Besides the liberalising of trade in goods among the member states brought about by the Common Market, the Single Market and Economy element seeks to include services, while providing for the free movement of capital, skilled labour, and the rights to establish business enterprises anywhere in the 15 countries.

The CSME grants to any CARICOM citizen the right to establish a business in any member state and be treated as a national of that state.

This complements the opportunities which the CSME will provide for greater cooperation among businesses to improve and increase the quality and quantity of goods and services they produce and to do so at better prices.

According to the CARICOM Secretariat, 95 per cent of the goods produced in the region move freely across member states, confirming that a single market for goods already exists among the CARICOM member states.

To complete the Single Market, the member governments have agreed that the key focus of attention will be on the removal of restrictions on the right of establishment, the movement of services, capital and skilled labour.

The governments have also agreed that it will be necessary to enact new laws, create the appropriate institutions and adopt the relevant administrative and other facilitating measures.

In July 1995 CARICOM Heads of Government agreed that, with effect from January 1996, nationals of the community, who are university graduates, should be allowed to move freely in the region for work purposes, thereby eliminating the need for work permits and permits of stay.

Most countries in CARICOM, including Barbados, put the necessary systems in place to give effect to this decision.

The following year, the leaders agreed to expand the categories of individuals allowed free movement for work purposes.

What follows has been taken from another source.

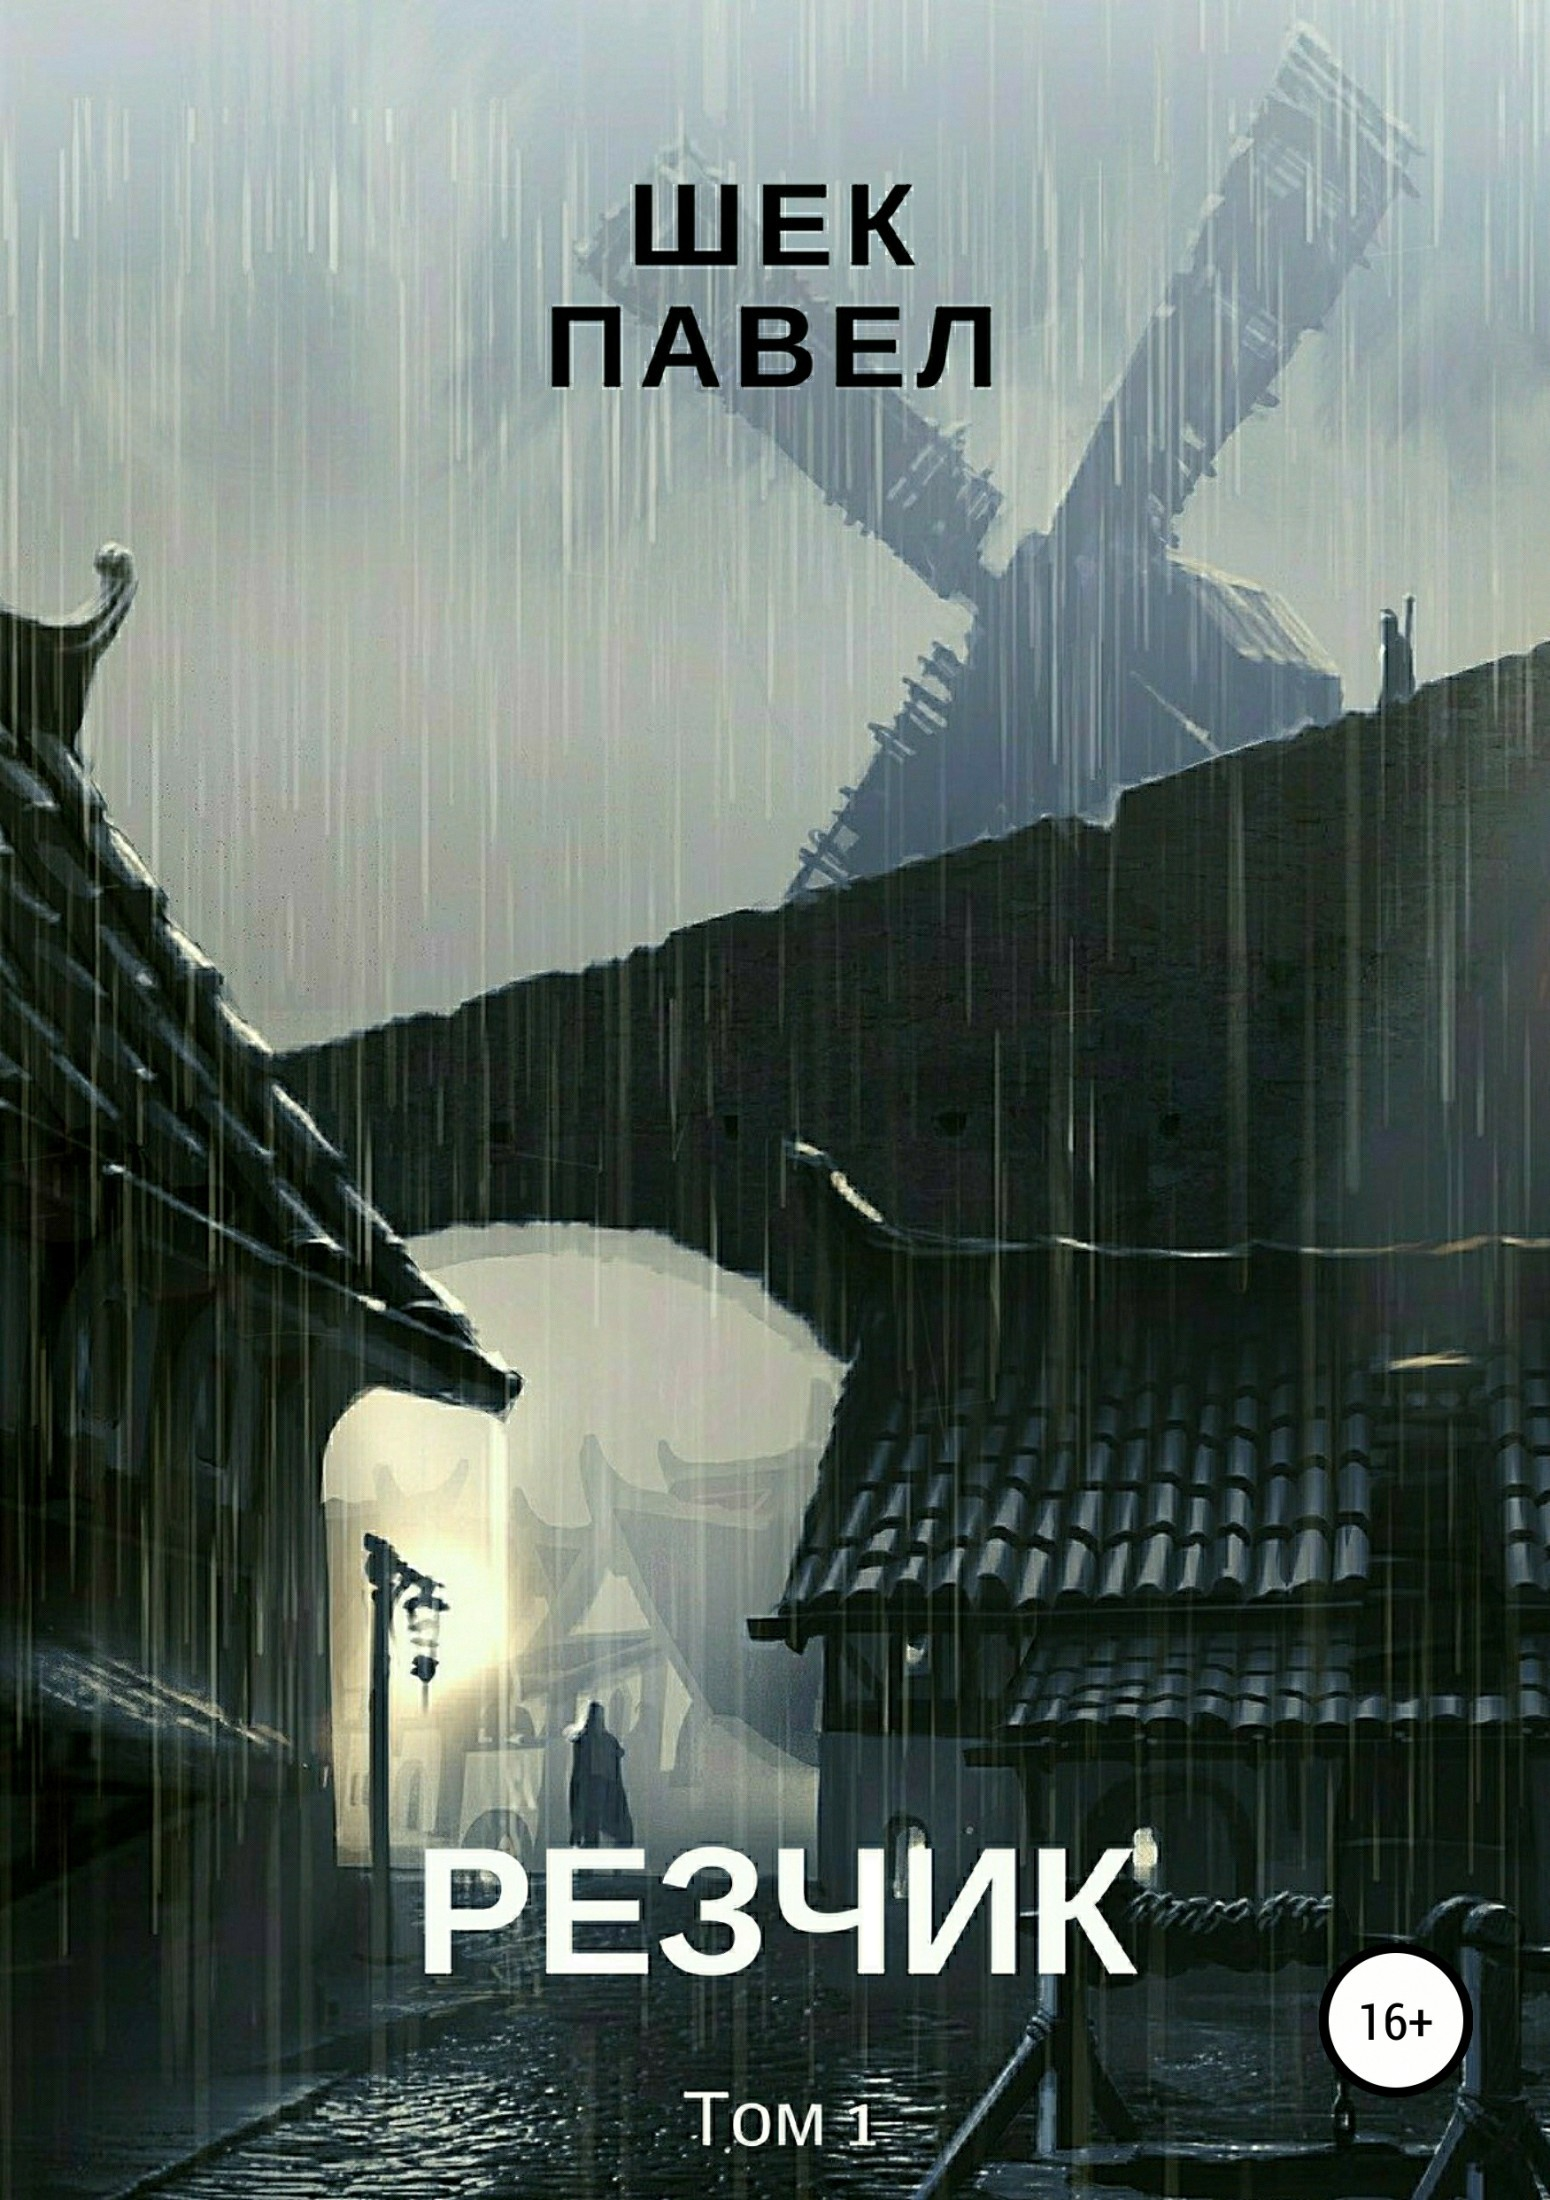 Павел Александрович Шек Резчик. Том1

The additions include Artistes, Sports Persons, Musicians and Media Workers.

Although it’s been established, the CSME was expected to be fully implemented between 2008 and 2009, with the harmonization of economic policy. That has not taken place.

While member states envisaged the creation of a single currency as part of monetary integration, this proposal has been put on the back-burner.

Currently there are six different currencies in the CSME region, with three of them being fixed exchange rate currencies tied to the USA dollar.

Two others are floating and the other is a managed float that displays a mixture of both floating and fixed.

Moving towards a single currency presents some challenges with no agreement on how to accommodate Guyana and Jamaica, the two countries with floating currencies.

The Single Economy is expected to be implemented in two phases.
Phase 1 is to take effect between 2008 and 2009 with the consolidation of the Single Market and the initiation of the Single Economy.

Its main elements would include:

— The outline of a CSME development vision and strategy

— The extension of categories of free movement of labour and the streamlining of existing procedures;

— Full implementation of free movement of service providers;

— Implementation of Legal status for the CARICOM Charter for Civil Society

— Establishment of the Regional Development Fund to help the less well off member states;

— Approval of the CARICOM Investment Regime and CARICOM Financial Services Agreement, to come into effect by January 1, 2009

— Establishment of the Regional Stock Exchange;

— Development of regional policy frameworks for energy, agriculture, sustainable tourism, agro-tourism, transport, new export services and small and medium enterprises.

Phase 2 is to take place between 2010 and 2015. Besides a consolidation and completion of the Single Economy, phase 2 is expected to include:

— Harmonisation of taxation systems, incentives and the financial and regulatory environment

— Implementation of common policies in areas of agriculture, energy-related industries, transport, small and medium enterprises, sustainable tourism and agro-tourism

— Implementation of the Regional Competition Policy and Regional Intellectual Property Regime

— Harmonization of fiscal and monetary policies and

— Implementation of a CARICOM Monetary Union.